Concrete mounts for equipment are visible on the north eastern side of the building and although much of the site is overgrown with vegetation, it is believed that other evidence of use remains, including pits and a shaft leading down to a water channel. The presence of these obscured pits prevented safe inspection of some parts of the site. The area is scattered with loose bricks, some of which were made on site and are considerably more friable than others that bear the imprint of Brown & Sons of Paisley or manganese bricks from the chimney. Rubble from the machinery shed forms a mound about 100 m behind the refinery building. Maintenance sheds were to the north of the refinery building.

The line along which the tram track passed is visible approximately 20 m in front of the building. Other sections of line ran behind the mill and to the west, but these cannot readily be seen.

== Heritage listing ==
Yengarie Sugar Refinery ruins was listed on the Queensland Heritage Register on 21 October 1992 having satisfied the following criteria.

The place is important in demonstrating the evolution or pattern of Queensland's history.

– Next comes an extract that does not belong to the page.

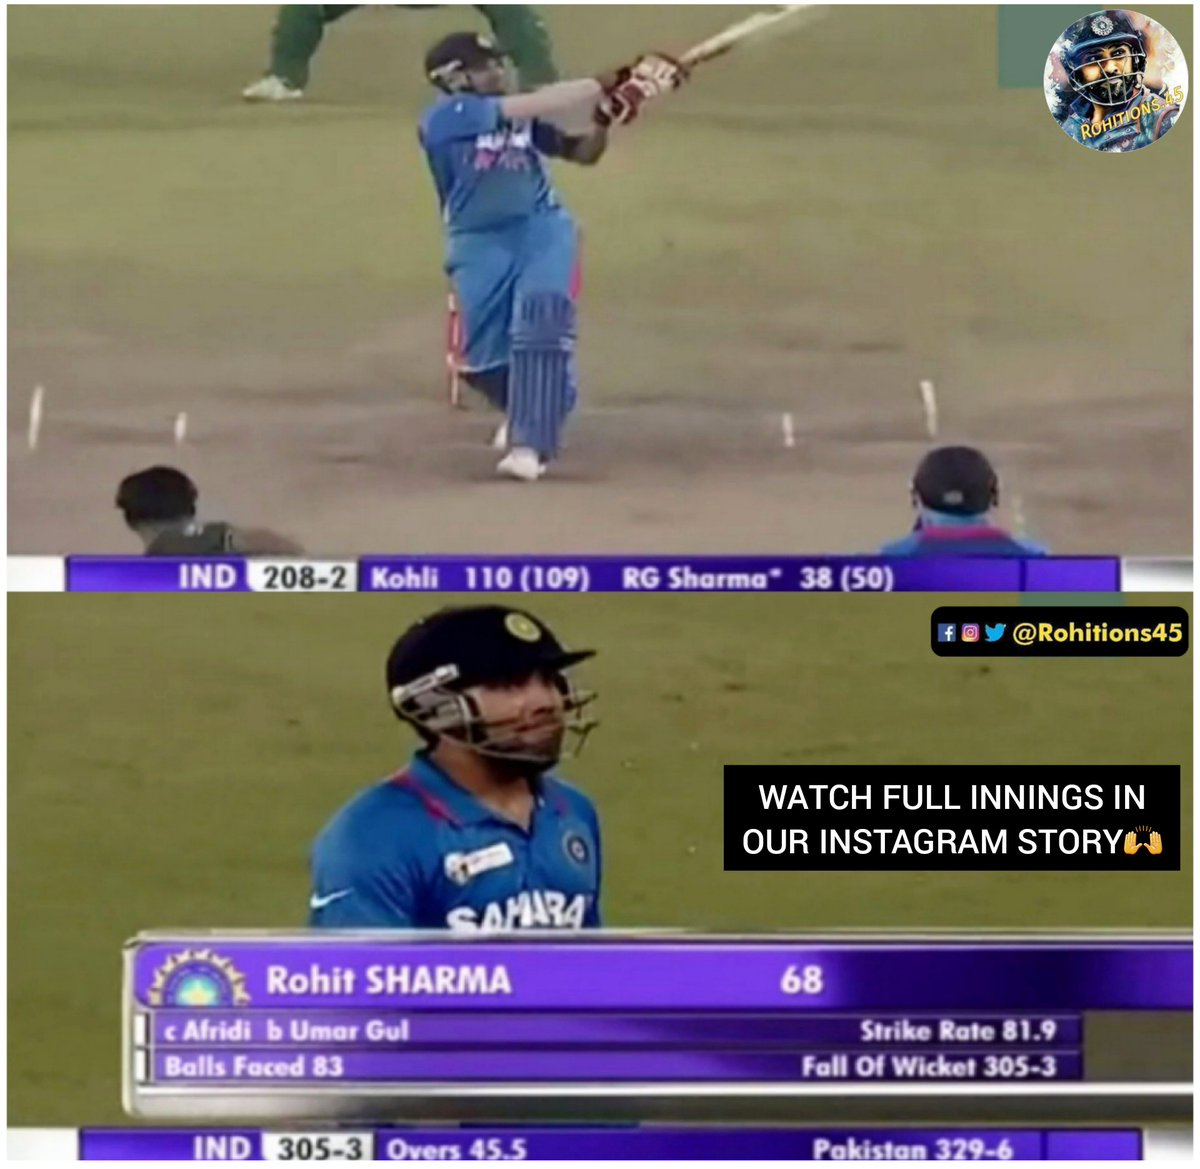 "Rohit Scored 68 Runs In Sachin's Last Odi Game vs Pakistan, Asia Cup 2012 Search "" Rohitions45 "" On Instagram#TeamIndia #rohitions45 #mivcsk #mivscsk #cricketmerijaan #rohitsharma #rohitsharma45 #onefamily #cskvmipic.twitter.com/UeFQOh6sba"

The ruins of Yengarie Sugar Refinery are evidence for a major early industrial enterprise that made an important contribution to the development of the sugar industry in Queensland.

The place has potential to yield information that will contribute to an understanding of Queensland's history.

The ruins of Yengarie Sugar Refinery and surroundings have the potential to reveal further information about the operation of both the sugar and meat works industries in Queensland in the 19th century.

The place has a special association with the life or work of a particular person, group or organisation of importance in Queensland's history.

It is important for its association with the life and works of Robert Tooth and Robert Cran, who made a significant contribution to the development of the sugar industry in Queensland.